16. As a result, the petition, as said before, is finally partly allowed to the extent the dismissal order is invalidated on certiorari to sub-serve immediately the ends of justice. The petitioner will be reinstated to service by mandamus. One post is lying vacant due to interim orders which presents hardly any difficulty to implement the interim and final orders forthwith and definitely by October 28, 2016. It is so ordered and directed to be done respondent State of Haryana.
17. For the remaining consequential prayers, the case is adjourned to 21.12.2016.
18. Let notice issue to the ex- management/society respondent/counsel for the date fixed."
(2.) The Delhi Public School Society was not made a party and only the Director of the School was impleaded as the 4th respondent. The name of the school has been changed long ago and Mr.
Shireesh Gupta, learned counsel who appears for the ex Director on notice issued by this court
explains that though the dismissal order was passed by the Director but he was not personally
responsible nor can be made liable in terms of money on a claim for arrears of salary as a result of
setting aside the order and reinstating the petitioner to service.
Monetary claims, if any, may not lie against the Director personally but against the Society which
once ran the school.

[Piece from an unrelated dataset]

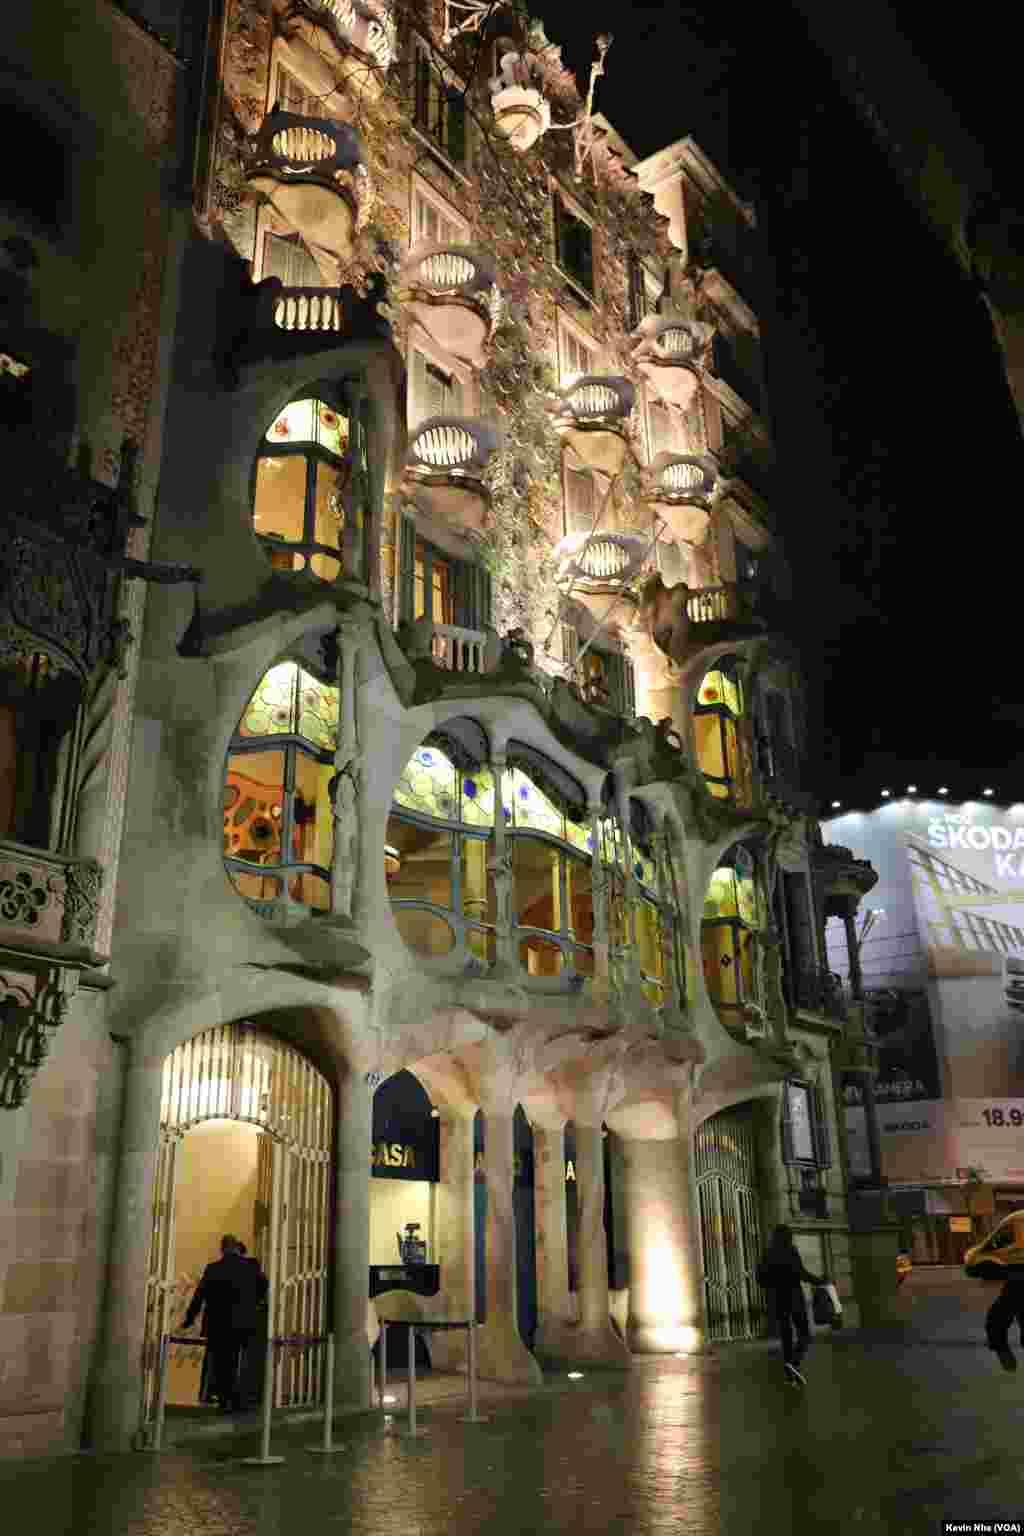 «کازا باتیو» یک ساختمان معروف است که همراه با «کازا میلا» توسط «آنتونی گادی» طراحی شده است. ساکنان محلی آن را ماسا دل اوسوس (خانهٔ استخوانها) نیز مینامند که دلیل آن کیفیت اساسی اسکلت درونی آن است.
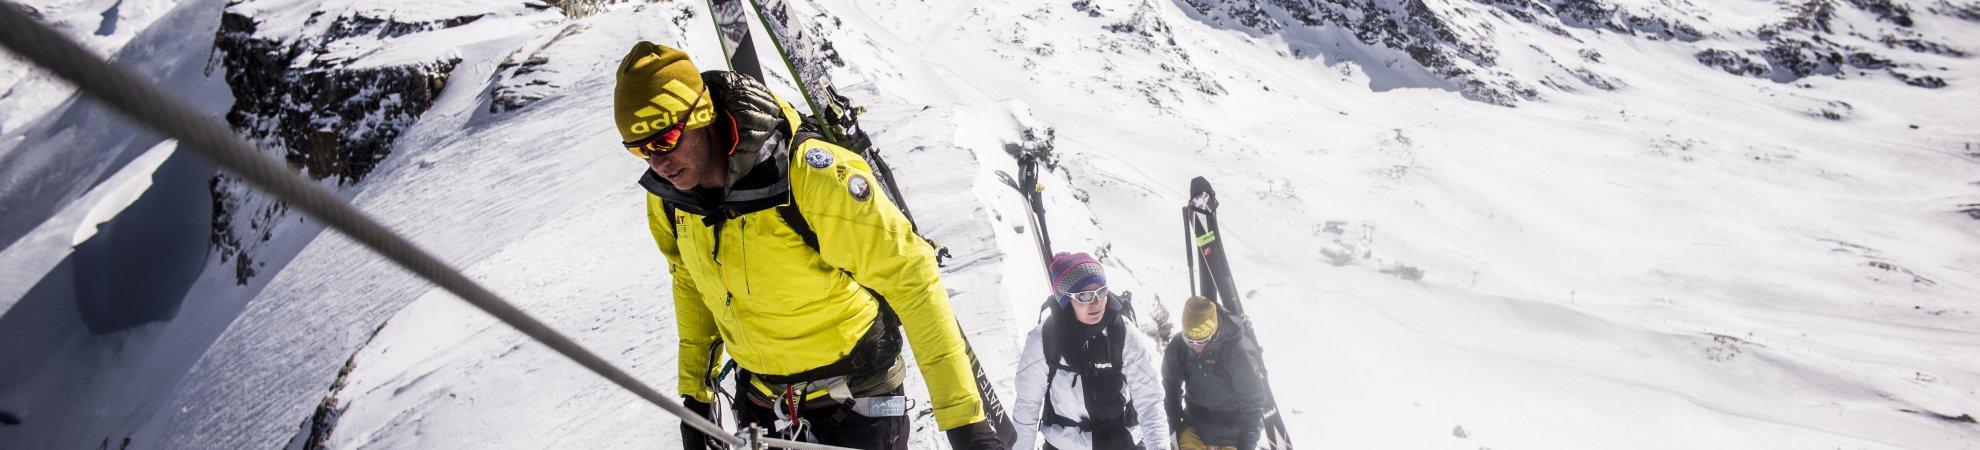 best winter activities laTraversata_1768

However, no final opinion is expressed on the point since this Court is inclined
to think that having passed the order dated September 30, 2016 and the fact confirmed by the
counsel for respondent No.3 that the order has been implemented and become final and the
petitioner reinstated to service, then for monetary claims the petitioner would have to be relegated
to his remedy before the civil court etc. or the Educational Tribunal, as the case may be, where his
rights can be determined on evidence and in the presence of the necessary parties.